Hello, I'm a new(ish) gardener looking for help with what to do next in my vegetable growing process. I'm in zone 6a. In order the pictures are of my 1. green beans, 2. Summer squash, 3. Tomatoes, 4. Cucumber seedlings. They are starting to get big with some true leaves coming through. I'm wondering when/if I should thin them out? Should I attempt to pull them apart and pot up all of them? I started these all about 2 weeks ago so I'm scared they're still too fragile but they are already pretty big (for reference these are 8inch pots). Any advice/tips would be helpful!
by Secure-Vegetable-309

3 Comments
Your cucumber and squash really should have probably be directly sown into the ground. And because of how easy they grow/germinate, I would say only one to two per cell/container. The tomatoes, I regularly grow more than three in the same cell but I thin down to one or two and then plant them into the ground. Im no professional, sometimes it works for me and sometimes it doesnt.
Setting aside that you’re a little early with the cucumbers, beans and squash …
Germination rates tend to be high with all these types of veggies, so in the future you only need 1 or 2 seeds per pot. Just use more pots rather than lots of seeds in one pot.
Tomatoes are resilient. You can probably separate some of them gently and pot up. Just go slow.
Beans, it depends. If they are bush type, you can try to split them and they might come apart depending on how they rooted. If they are pole beans, just leave them all together and pot up for now. Pole beans don’t mind neighbors and will beneficially climb on each other.
The squash and cukes won’t divide well. You may just have to thin them and pot up until your weather is good enough to put them outside. Cukes will probably do ok if you train them upright but squash wants to sprawl so it’s a tough one to grow inside.
Good luck! They look like healthy starts.

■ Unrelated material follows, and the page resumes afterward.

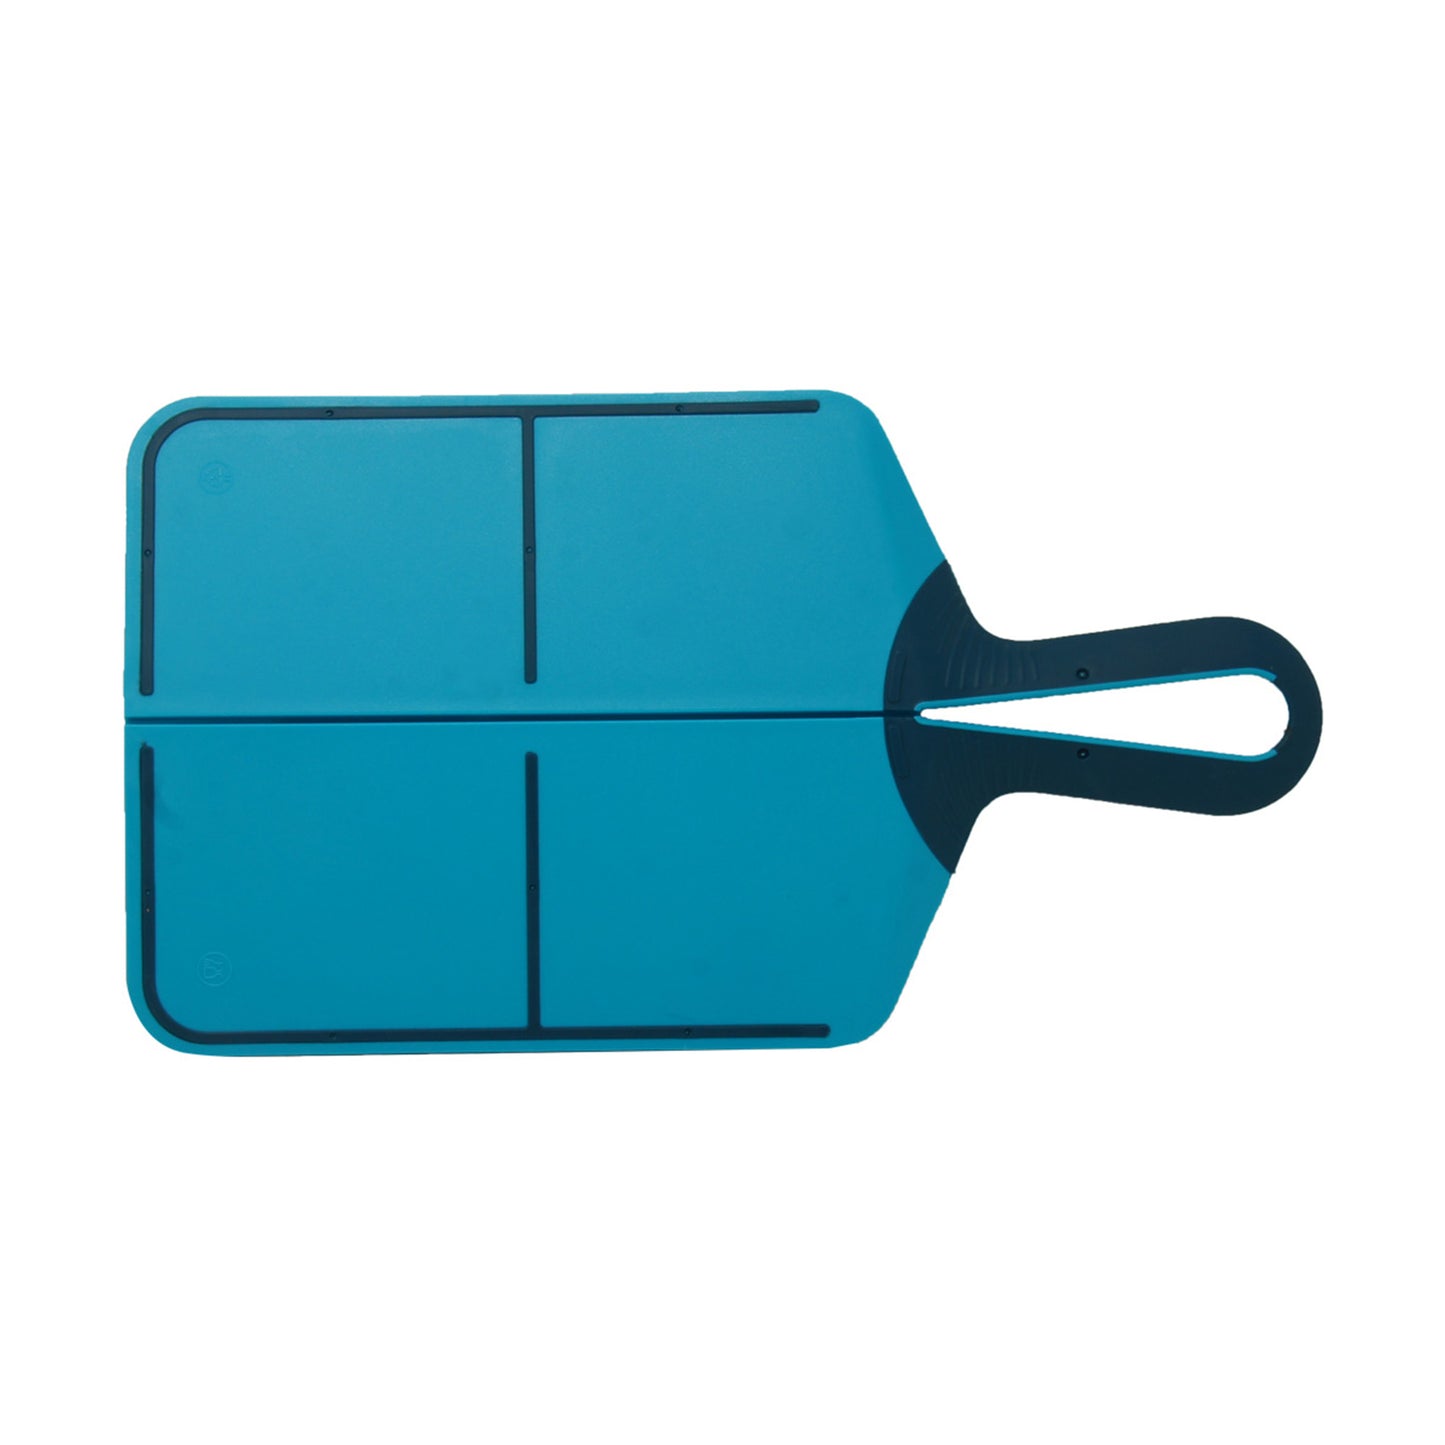 Tabla para Picar de Plástico Plegable (Azul) (21.5cm x 39cm x 0.5cm)
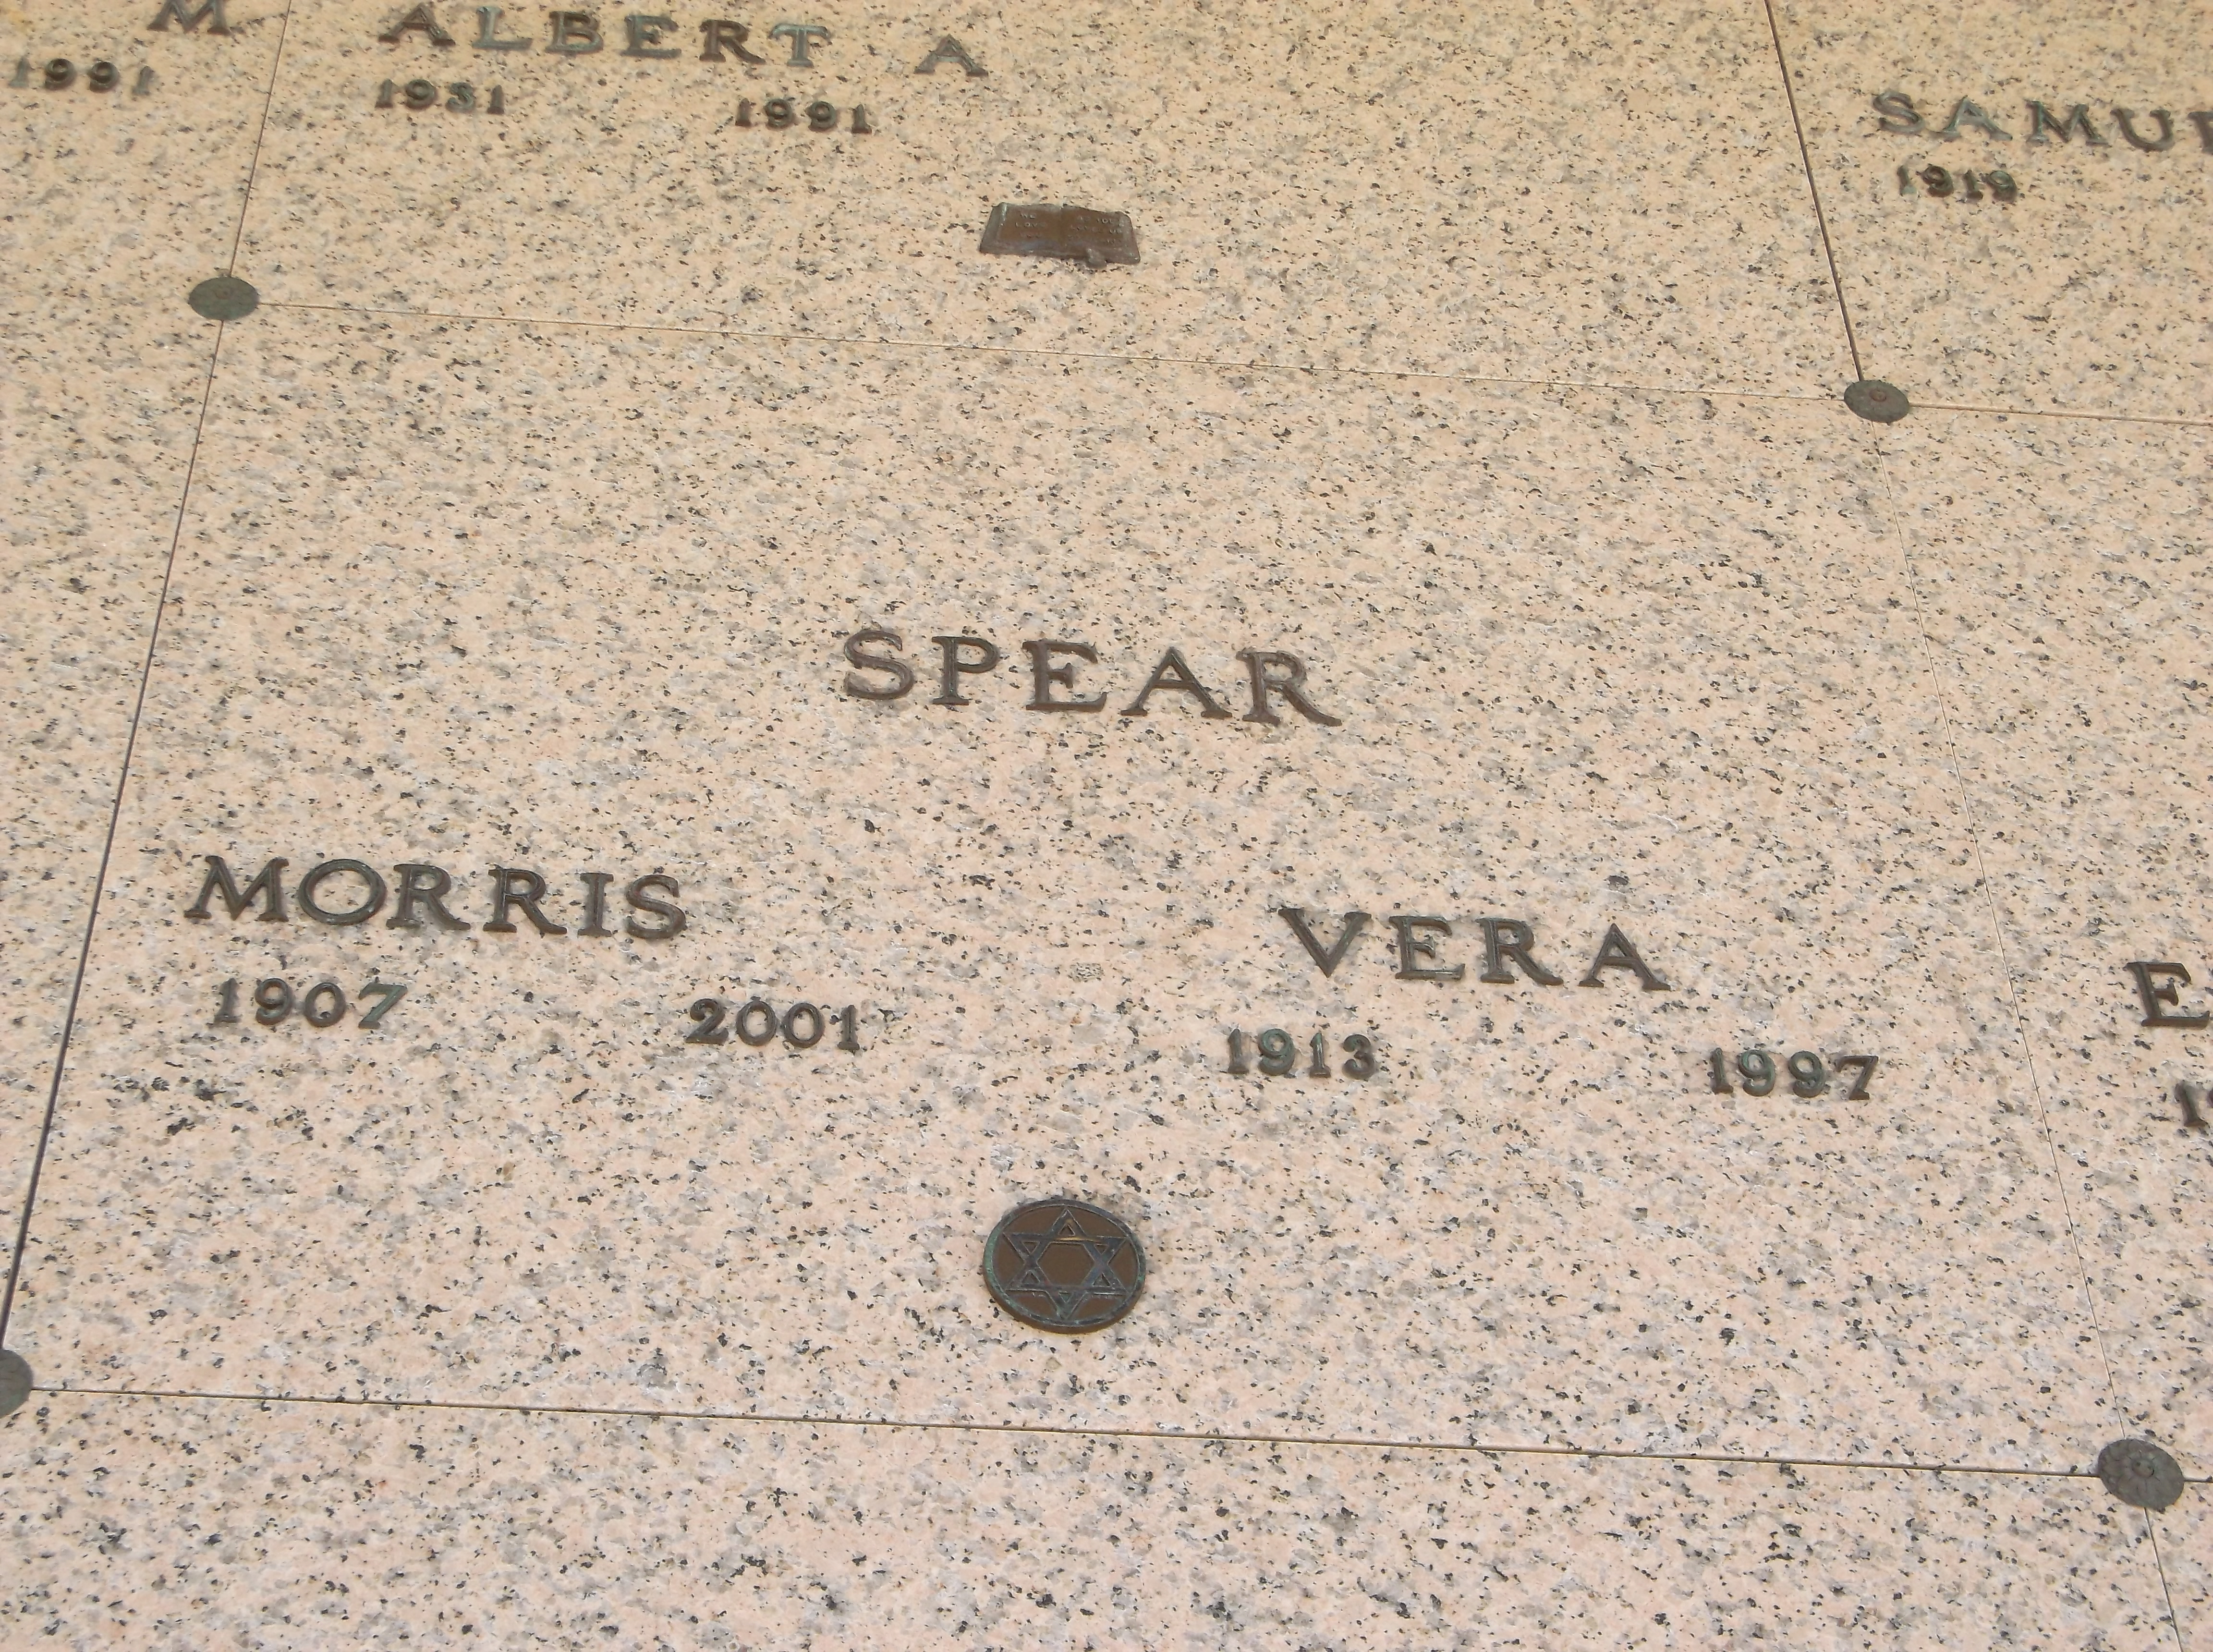 Morris Spear

If anything I would try to prick out the tomatoes into their own smaller containers. The big boys I would wait to sow until I could plant them wherever they’re gonna live (or at most 2-3 weeks before last frost date). They tend to grow quickly and readily once in soil and can overtake seedling pots quite rapidly. They also tend to be more finicky with transplanting (it’s definitely possible, but I’ve never tried it) and ultimately may not set fruit any earlier than if they were just sown directly (cold ground and transplant shock will set them back).